Let there be light is one of the most famous quotes that have ever been quoted, but we’re not sure where it might have even come from. Any ideas – or should we say lightbulbs? Here are some of the best light puns that will surely lighten up your day. Have fun!
Horrible Hilarious Light Puns
What’s the difference between a big, hairy biker and a lightbulb? You won’t cry for an hour after you’ve blown a lightbulb.
What’s the only thing you can do right by screwing it up? Changing a lightbulb.
Where is the worst place you could put a lightbulb? Your stomach.
Why did the singer request a lightbulb from the waiter during his intermission? Because he felt like a light lunch.
What’s the worst thing to do with an old lightbulb? Salad.
What makes a lightbulb extremely dangerous? Moving at 20 miles per hour.
Why do people turn the light off before they go to sleep? Because humans aren’t nocturnal.
Why do we call it a lightbulb? Because we don’t call it a lightglobe.
What should you do when a lightbulb won’t turn on? Try giving it Viagra.
How do you turn a light on? Fetish gear.
Who really invented the lightbulb? Guy Fawkes.
What travels faster than the speed of light? The speed of office gossip.
What’s the most dangerous part of a lightbulb? The spark.
How do you make a clown even more terrifying? Switch the bedroom light on.
What’s the difference between a light on and a hard on? Most people can still sleep with a light on.
How many religious clerics will it take to change a lightbulb? Nun.
Why do cars have lights at the front? Because we’re not driving them sideways.
How do you know if there’s been a recent hurricane in town? There’s a hole where the light in your roof should be.
Great Funny Light Puns
Why does the Bible say that God invented light? Because nobody wants to admit they created disco music.

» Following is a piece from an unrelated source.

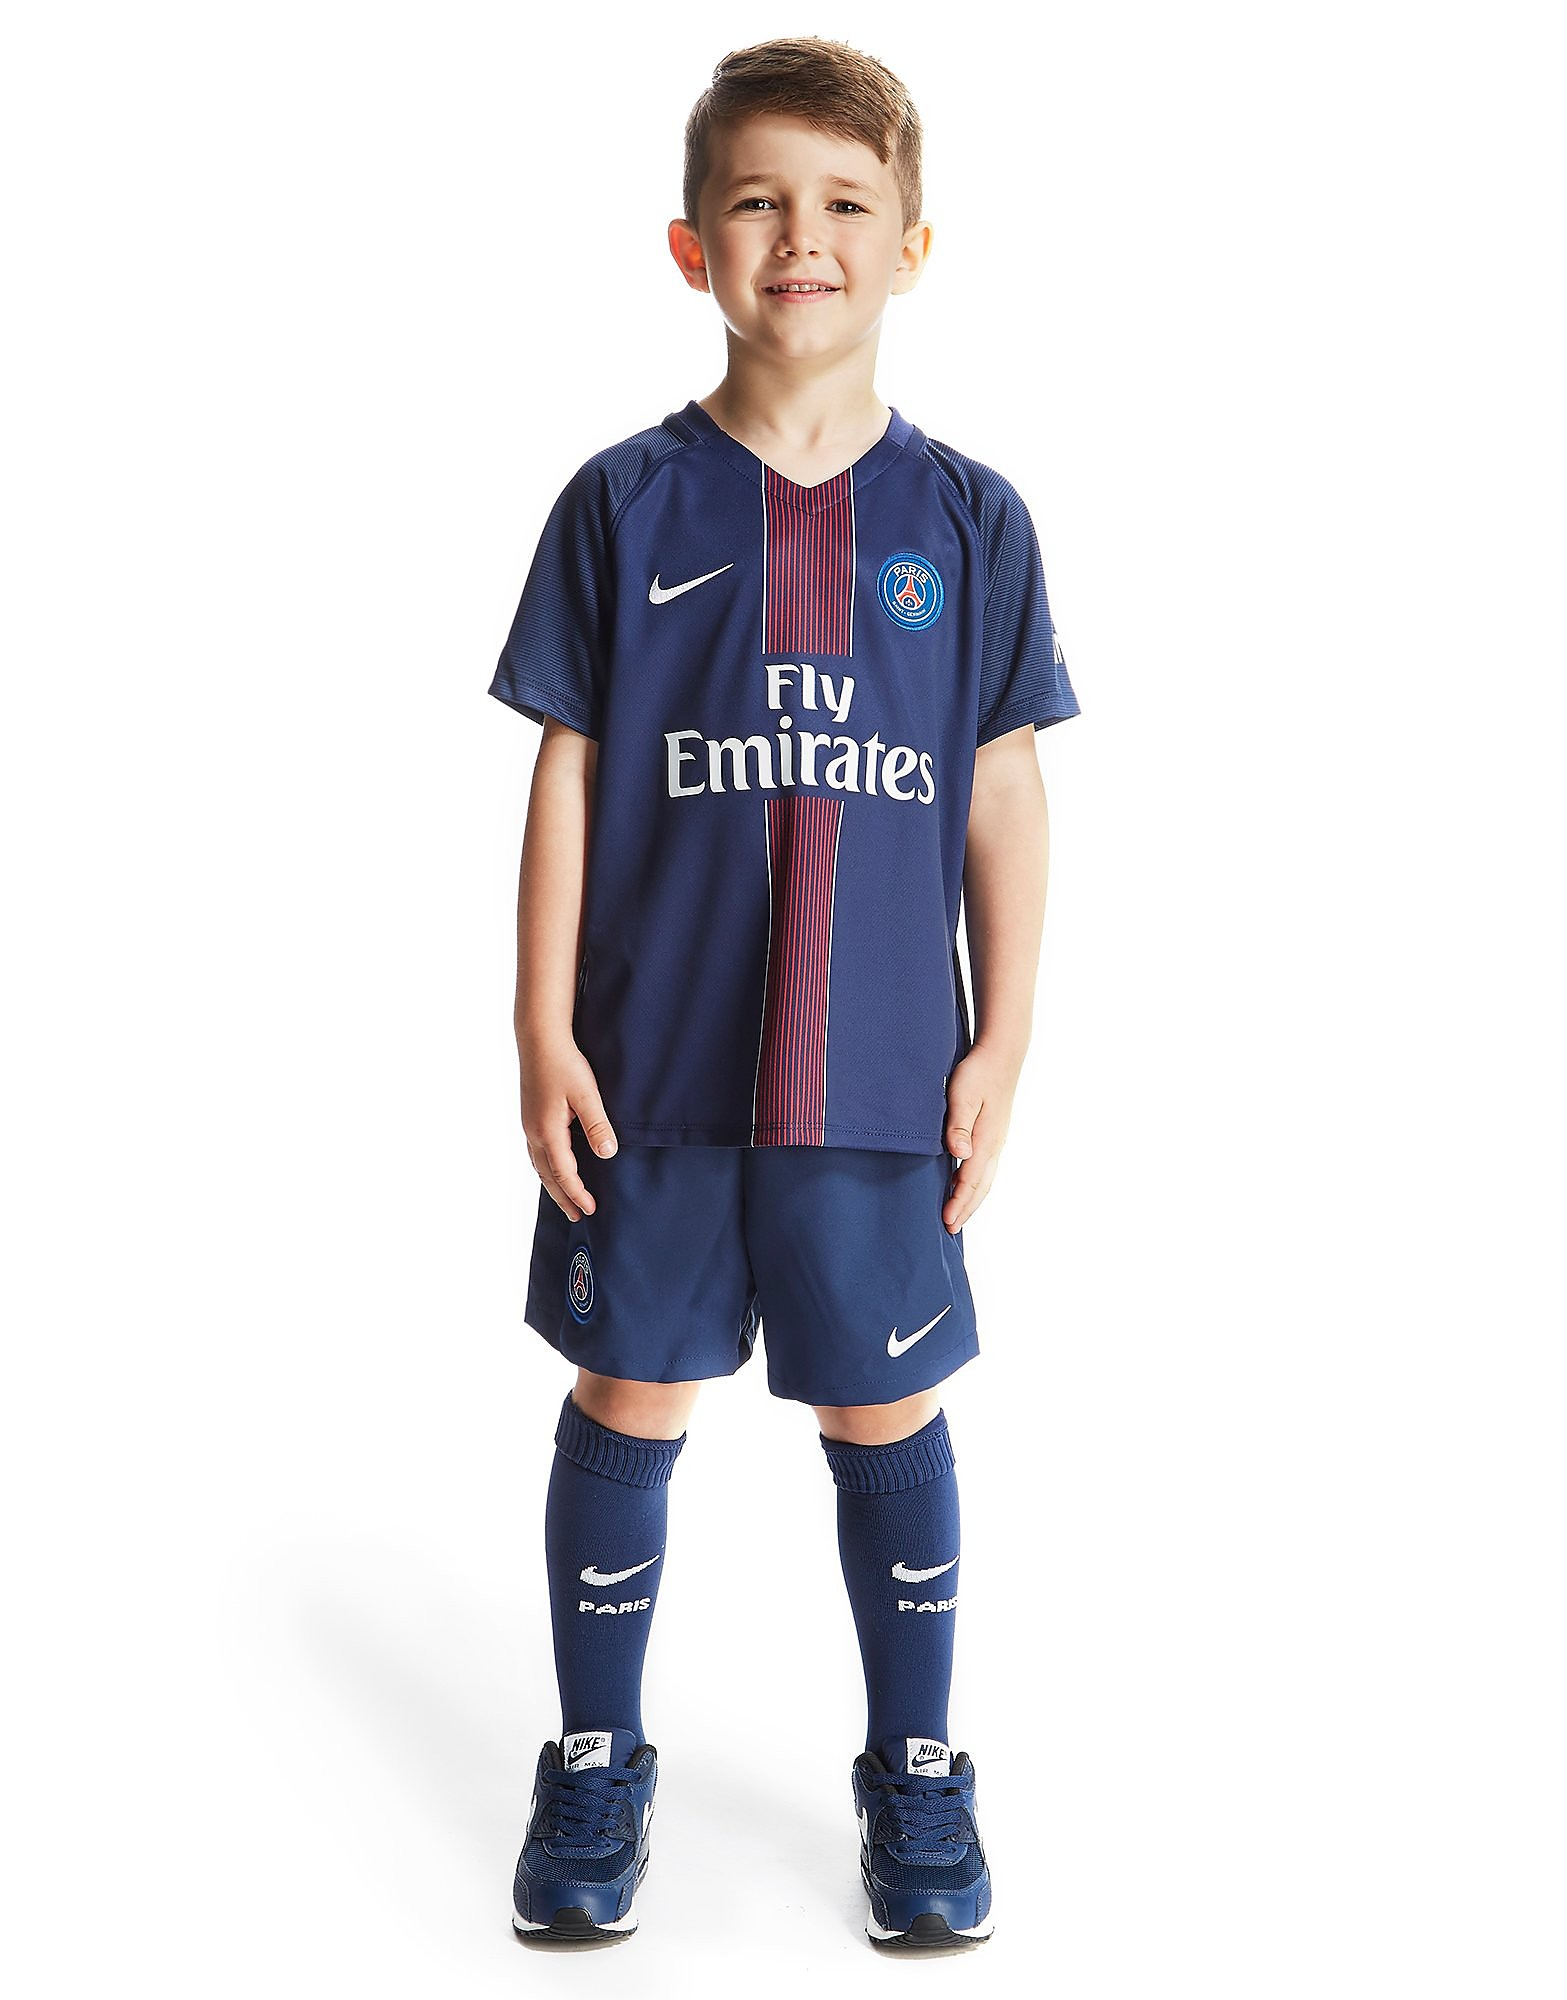 Nike Conjunto para niños de la primera equipación del París Saint Germain 2016/17

What do you call a light that suddenly goes off? Memory loss.
What do you call that cool little gadget in Harry Potter that switches all the lights off the moment Dumbledore takes it out of his pocket? A roofie.

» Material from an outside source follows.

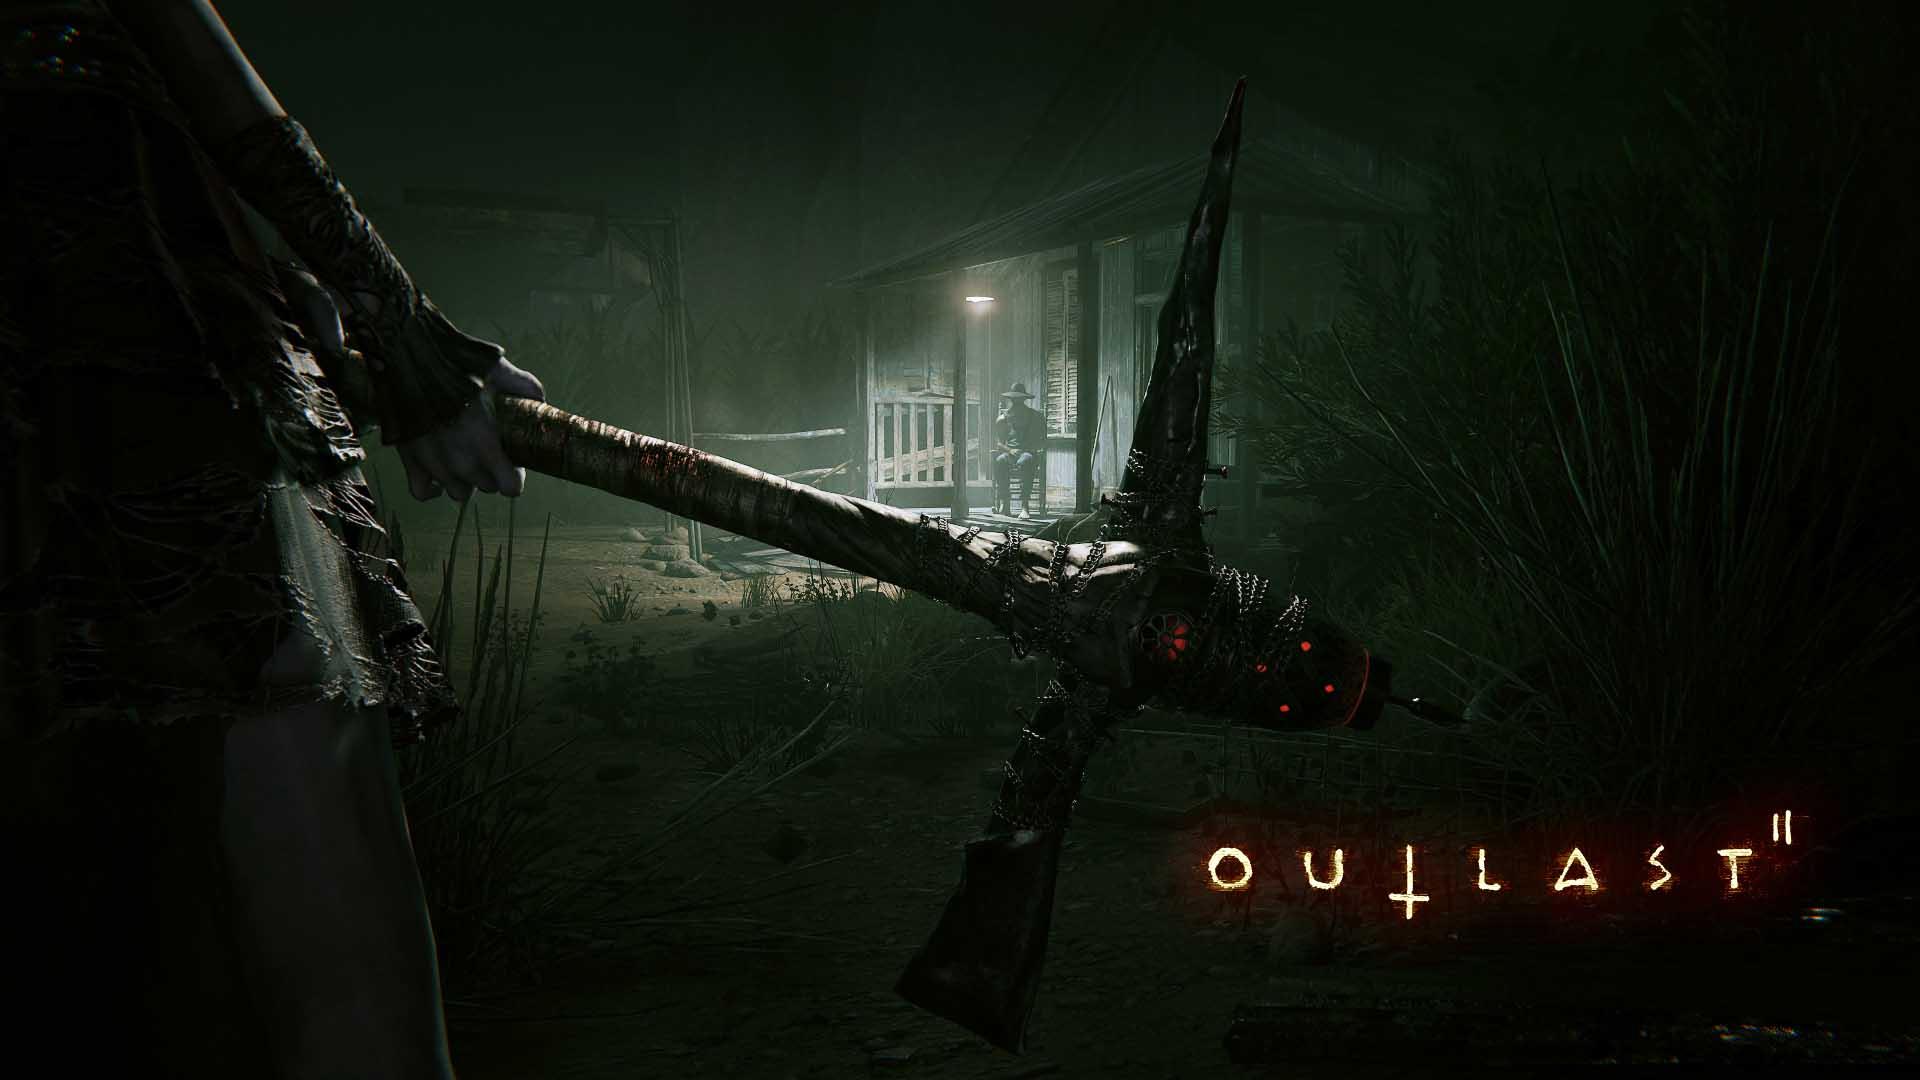 outlast2_wallpaper_feauter

What was the most impressive lightbulb of all time? The Big Bang.
How do you turn a light on? Tell it some sexy things in the dark.
What can you do with an old lightbulb? Meth.
Why did everyone want to ask the lightbulb out on a date? Because they’re pretty easy to turn on.
What did Kurt Cobain yell every time someone turned his light on? With the lights out, entertain us!
Why was the lightbulb arrested by the police? Because he was flashing at someone in the park at night.
How do you tell an old lightbulb from a new one? The price.
Why are people scared of clowns? Because clowns can also exist in the dark.
Funny Lighting One Liners
Why should you always kill the lights in your house before you go to sleep? So that they don’t kill you first.
What do you call a light that doesn’t go off? Radiated, you should probably stay away from it.
What’s the worst question to ask someone if they’ve lost everything in a house fire? Whether they’ve got a light.
What do you call a pizza that hits the roof when you try to flip it? Lighter than you expected.
What is the most important change regarding the Olympic torch in modern times as opposed to ancient times? Today the torch isn’t used to light the ones who lose.
How did the Wise Men from the Bible know which light they were supposed to follow to their destination? Garmin.
Where were the very first Christmas lights in the world fired up? Salem.
How many company CEOs do you need to change a lightbulb? One to do it, and three other people to form a board writing a report about why it had to be done.
What should you do if you have a sudden idea for a startup company? Pluck the lightbulb before you do anything else.
Great Puns About Light
What should most people consider changing about their sex lives? The lighting.
How do you make someone less likely to rob a store? Switch on the lights while they’re doing it.
Where is the worst place you and your spouse could go for a holiday? Into the light.
Why is mozzarella considered a lighter cheese when compared to others like cheddar? Because it prefers to spend less time in the sun.
What’s the worst thing you can put on a pizza if you own a restaurant? Lightbulb shards.
Did you hear about the lightbulb who went to college? His teachers used to say that he was a real bright spark!
What is the filament found inside most older lightbulbs made from? Ancient voodoo fire magic.
Why wasn’t Thomas Edison invited to more parties? Because when it comes to drinking and partying, he was known to be a little light.
What do you call a close up study of the sun’s rays? Surely it’s called a blind study.
What happens if you touch a lightbulb? You’ll get charged.
What’s the most crucial thing to remember if you want to turn a light on? Asking first.
Why does the sun emit light? Because unlike the moon, it’s not made from cheese.